With that being said, let’s dive in!

Setting up the Spotify Web API requirements

The Web API requests require authentication with an OAuth access token. To obtain a token we first need to log in to Spotify for Developers Dashboard:

Once we are logged in, we will click on “create an app” and a form will appear. We will give an awesome name and an awesome description to our app, and we will accept the Developer Terms of Service and Branding Guidelines after fully reading them 👀.

After accepting we will be redirected to the app’s dashboard. There we will be able to find the Client ID and Client Secret. Note that both are blurred out, you shouldn’t share these values anywhere! 🙊

Write these values in a json file named credentials.json. If you are using git with your code and uploading the repository anywhere (GitHub, for example) add the json file to the .gitignore!

{
    "CLIENT_ID": "123456789abcdefghijklmnopqrstuvw",
    "CLIENT_SECRET": "123456789abcdefghijklmnopqrstuvw"
}

Click the “EDIT SETTINGS” button in the dashboard and add the following redirect URI: https://www.google.com/. This will be used during the authentication process.

With this done, we finished setting up the requirements for the Web API.

Authenticating

First of all, we will load the credentials we stored before:

import json

with open('credentials.json', 'r') as f: credentials = json.load(f)
CLIENT_ID = credentials['CLIENT_ID']
CLIENT_SECRET = credentials['CLIENT_SECRET']
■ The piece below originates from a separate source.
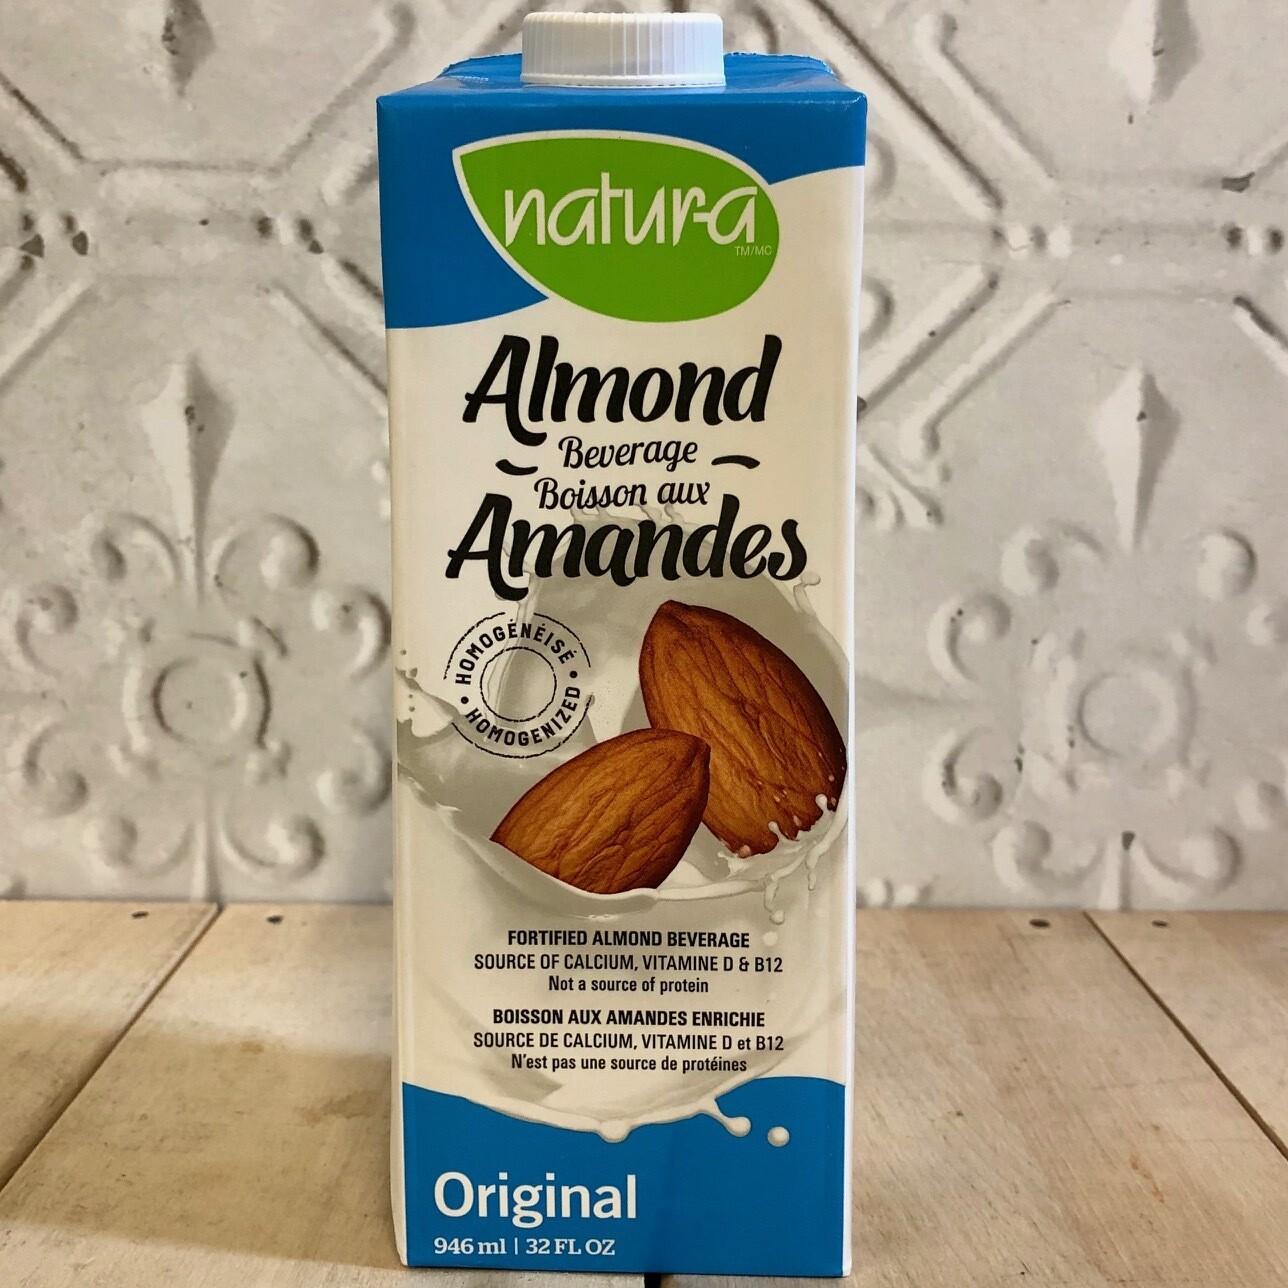 NATURA Almond Beverage Original 946ml

We will use spotipy, a library that makes interacting with the API simpler. We define a Spotify object as follows:

import spotipy as spt

SCOPE = 'user-modify-playback-state user-library-read user-read-email user-read-private user-top-read user-modify-playback-state user-read-playback-state'
REDIRECT_URI = 'https://www.google.com/'

auth = spt.SpotifyOAuth(
    client_id=CLIENT_ID, client_secret=CLIENT_SECRET, 
    redirect_uri=REDIRECT_URI, 
    scope=SCOPE, open_browser=True, cache_path='.cache'
)
spotify = spt.Spotify(oauth_manager=auth)
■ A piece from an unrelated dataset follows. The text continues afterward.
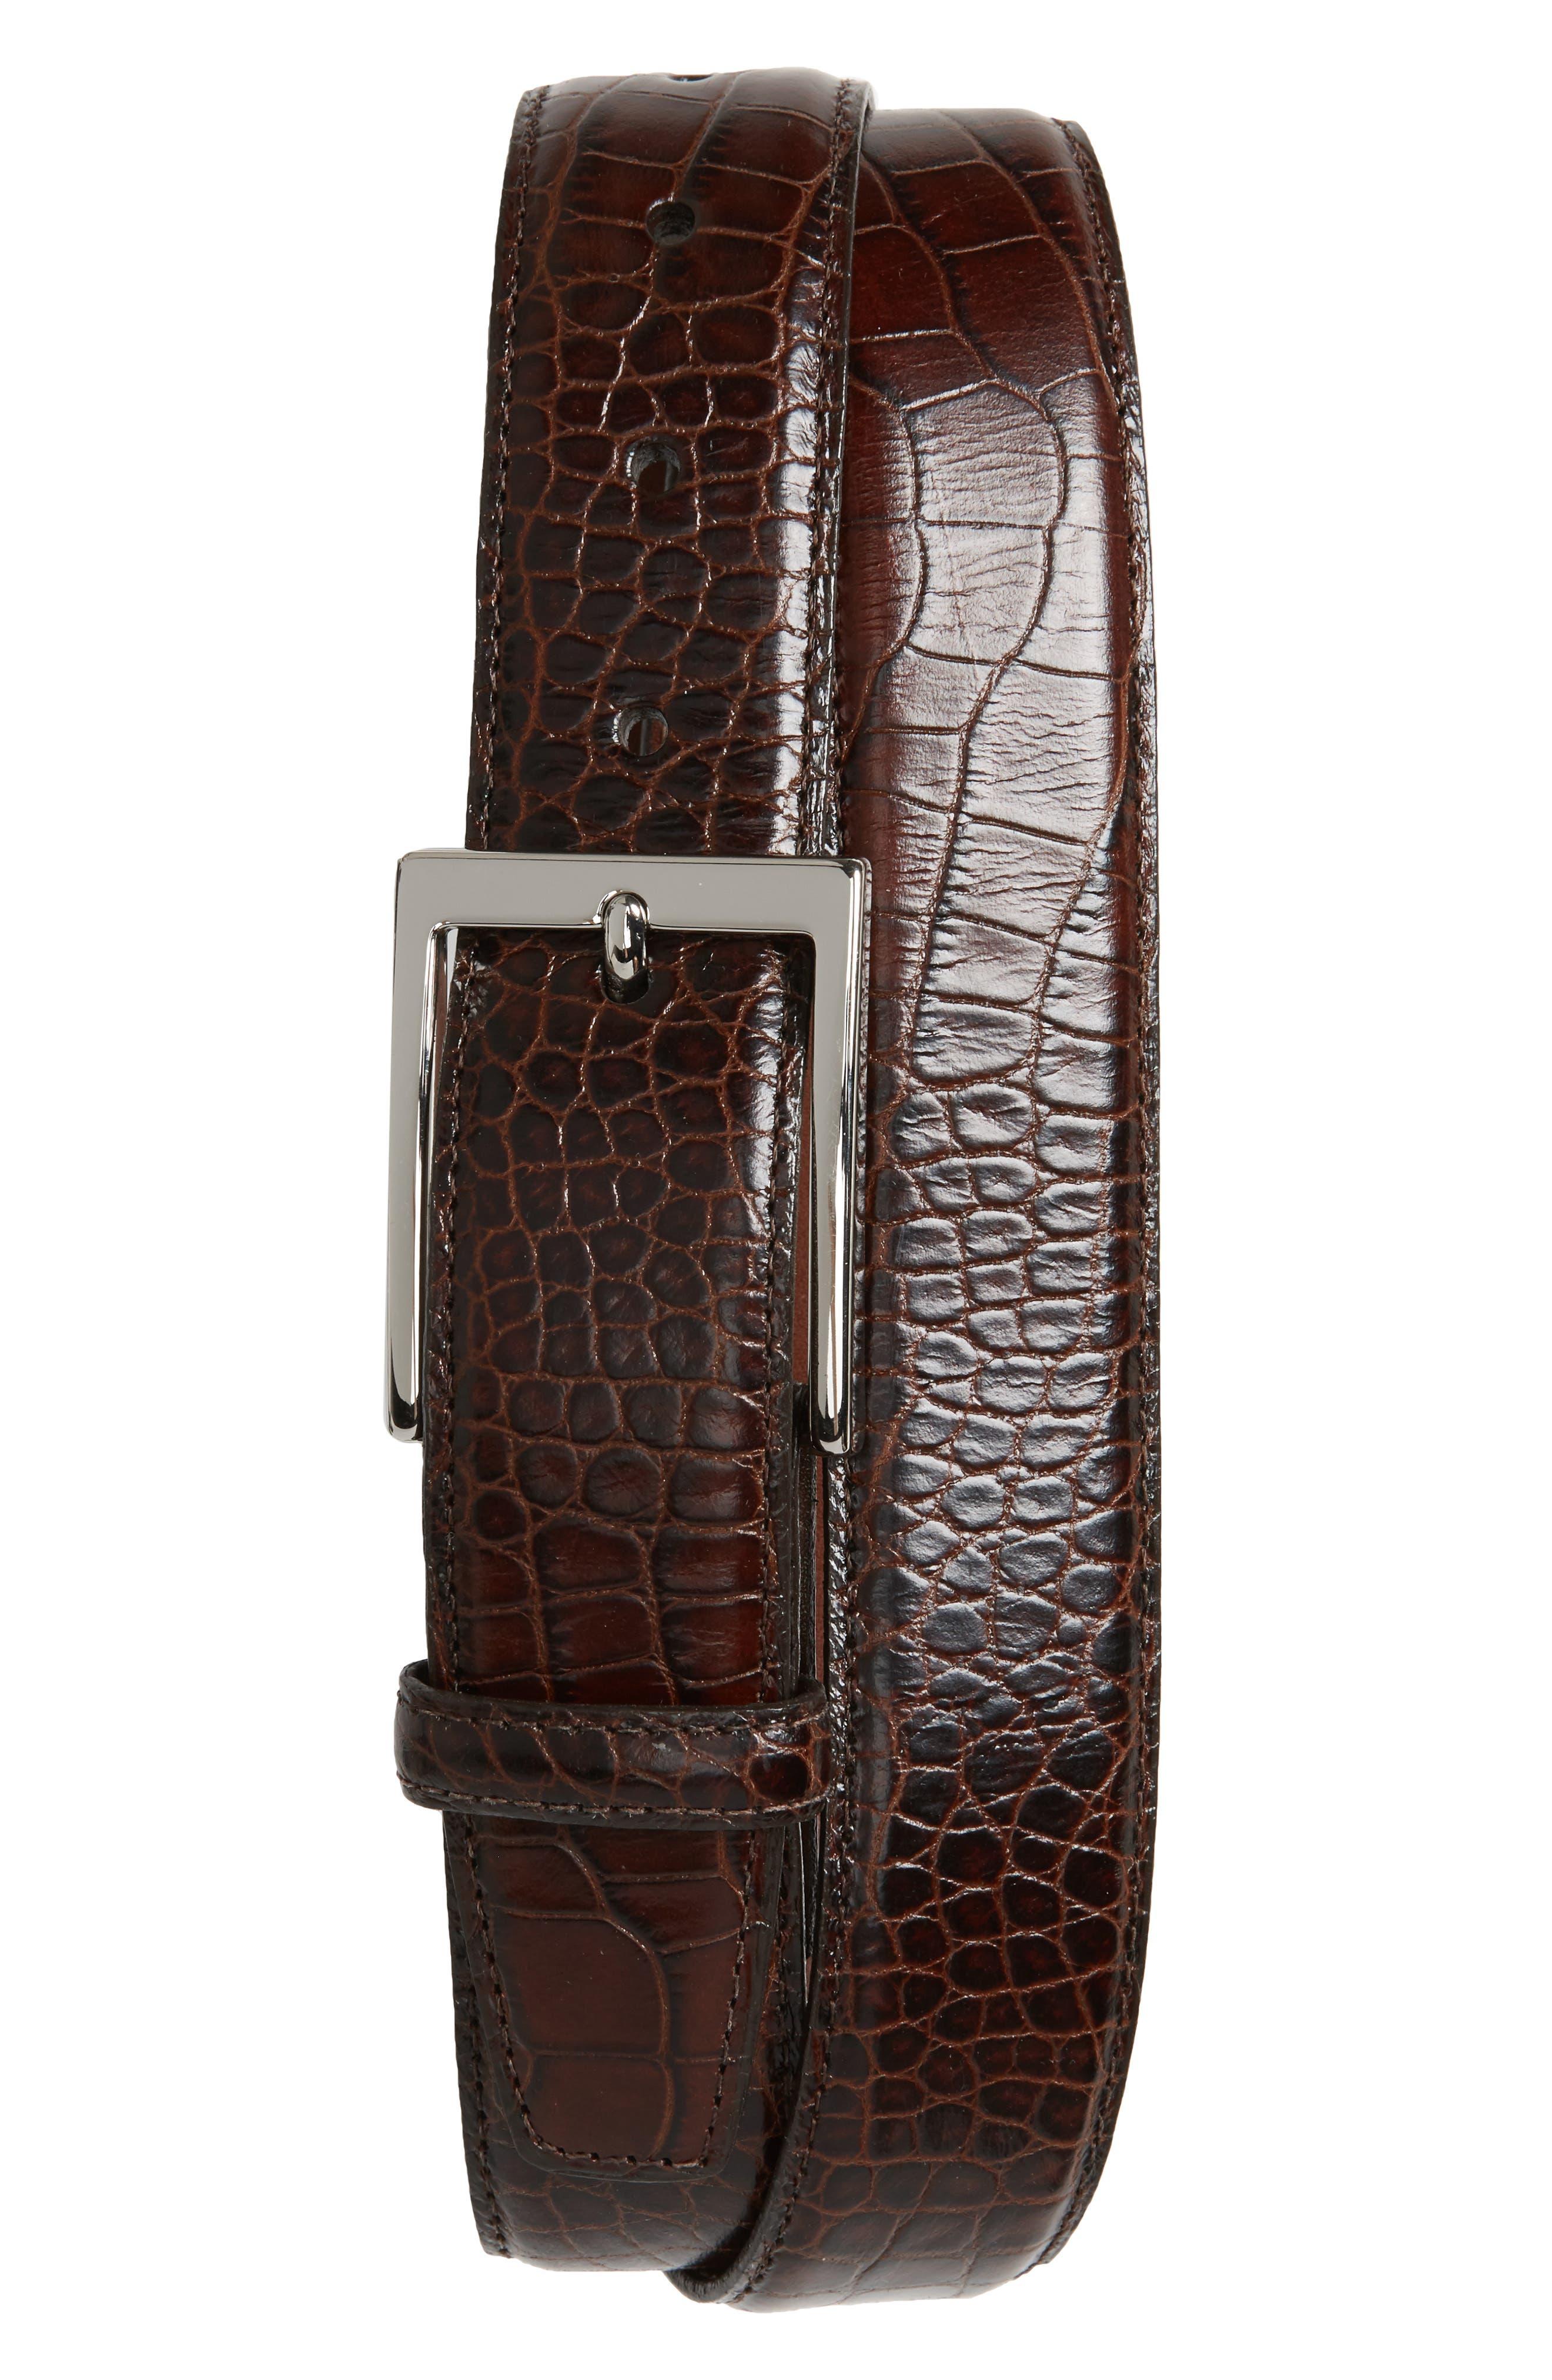 Torino Belts Gator Grain Embossed Leather Belt, Brown

The first time you perform a request using the spotify you will be requested to authenticate and a token will be generated. This token will be saved in the file specified in cache_path (in our case, in .cache). Again, if you are using git with your code and uploading the repository anywhere (GitHub, for example) add the cache file to the .gitignore! This authentication will happen only once, as spotipy takes care of refreshing the token when necessary.

The authentication process is simple: a web browser will be opened and we will copy the URL where we are redirected and paste it into an input box. Depending on your system, IDE or default browser… this process can fail. In my case, running the code from a .ipynb file in VS Code fails. To solve it, I run the code from a .py once.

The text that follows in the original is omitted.